Brongegevensblok gemarkeerd geel , het blok met tussentijdse berekeningen is blauw gemarkeerd, oplossingsblok groen gemarkeerd.

Laat bepalen ultieme spanningen(), waarbij het monstermateriaal direct wordt vernietigd of er grote plastische vervormingen in optreden.

Ultieme spanning bij sterkteberekeningen

Als ultieme spanning sterkteberekeningen houden rekening met:

vloeigrens voor een ductiel materiaal (er wordt aangenomen dat de vernietiging van een ductiel materiaal begint wanneer er merkbare plastische vervormingen in verschijnen)

,

treksterkte voor een bros materiaal waarvan de waarde verschillend is:

Om een ​​echt onderdeel te garanderen, is het noodzakelijk om de afmetingen en het materiaal zo te kiezen dat het maximum dat op een bepaald moment tijdens het gebruik optreedt kleiner is dan de limiet:

Maar zelfs als de maximale ontwerpspanning in het onderdeel dicht bij de grensspanning ligt, kan de sterkte ervan nog niet worden gegarandeerd.

Het handelen op het onderdeel kan niet nauwkeurig genoeg worden ingesteld,

ontwerpspanningen in het onderdeel kunnen soms slechts bij benadering worden berekend,

mogelijke afwijkingen van de werkelijke kenmerken van de berekende kenmerken.

Het onderdeel moet met enige berekening worden ontworpen veiligheidsfactor:

.

Het is duidelijk dat hoe groter n, hoe sterker het onderdeel. Echter zeer groot veiligheidsfactor resulteert in een verspilling van materiaal, en dit maakt het onderdeel zwaar en oneconomisch.

Afhankelijk van het doel van de constructie wordt de vereiste veiligheidsfactor ingesteld.

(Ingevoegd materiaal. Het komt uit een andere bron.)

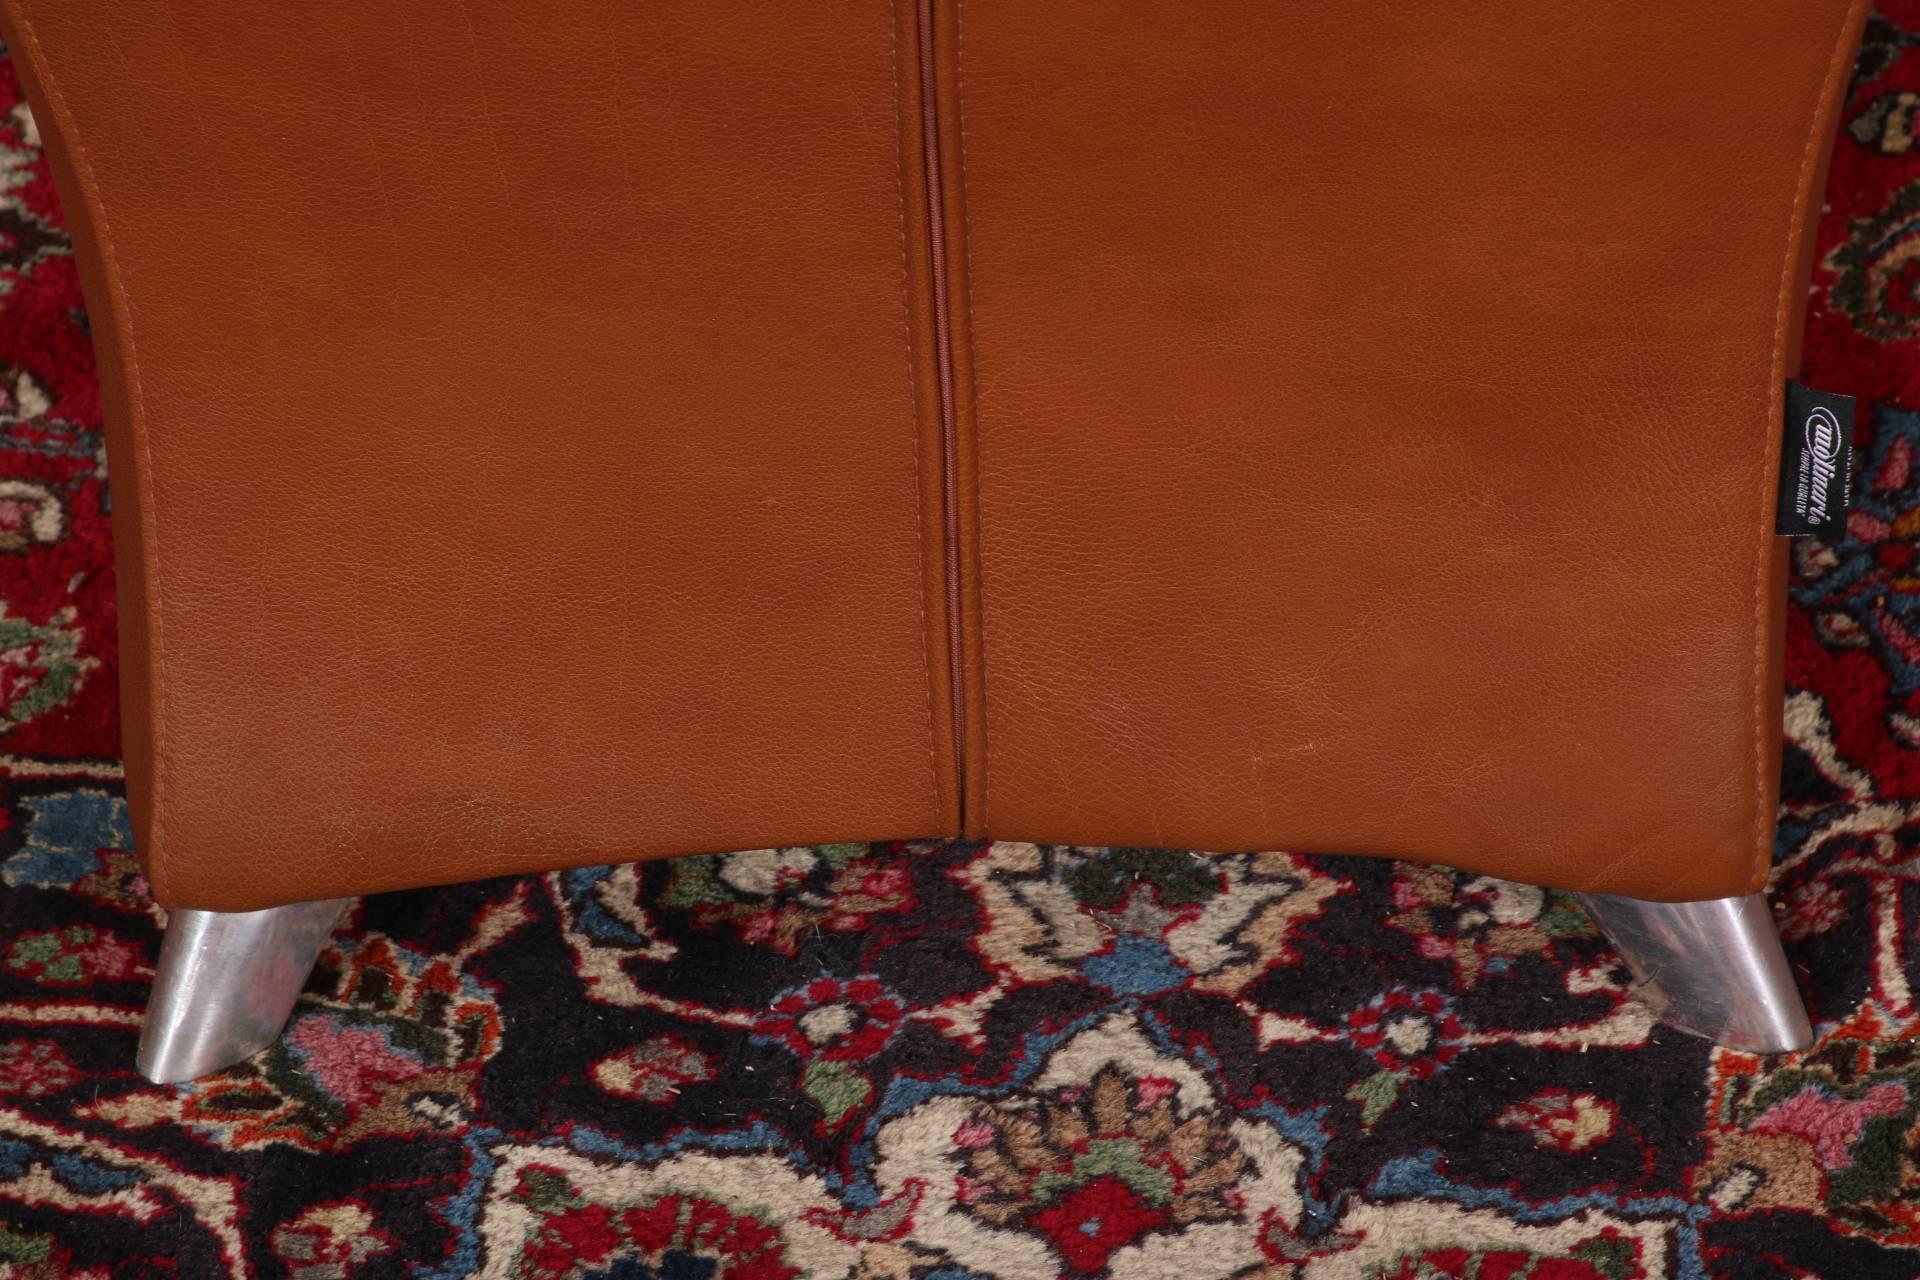 20th Century Vintage Molinari Tan Leather Armchair

Sterkte conditie: de sterkte van het onderdeel wordt geacht te zijn gewaarborgd als . De uitdrukking gebruiken , herschrijven sterkte conditie als:

Vanaf hier kunt u een andere vorm van opnemen krijgen sterkte omstandigheden:

De relatie aan de rechterkant van de laatste ongelijkheid wordt genoemd toegestane spanning:

Als de beperkende en dus toegestane spanningen bij trek en druk verschillend zijn, worden deze aangegeven met en. Het concept gebruiken toegestane spanning, Kan sterkte conditie als volgt worden geformuleerd: de sterkte van het onderdeel is verzekerd als de hoogste spanning overschrijdt niet toegestane spanning.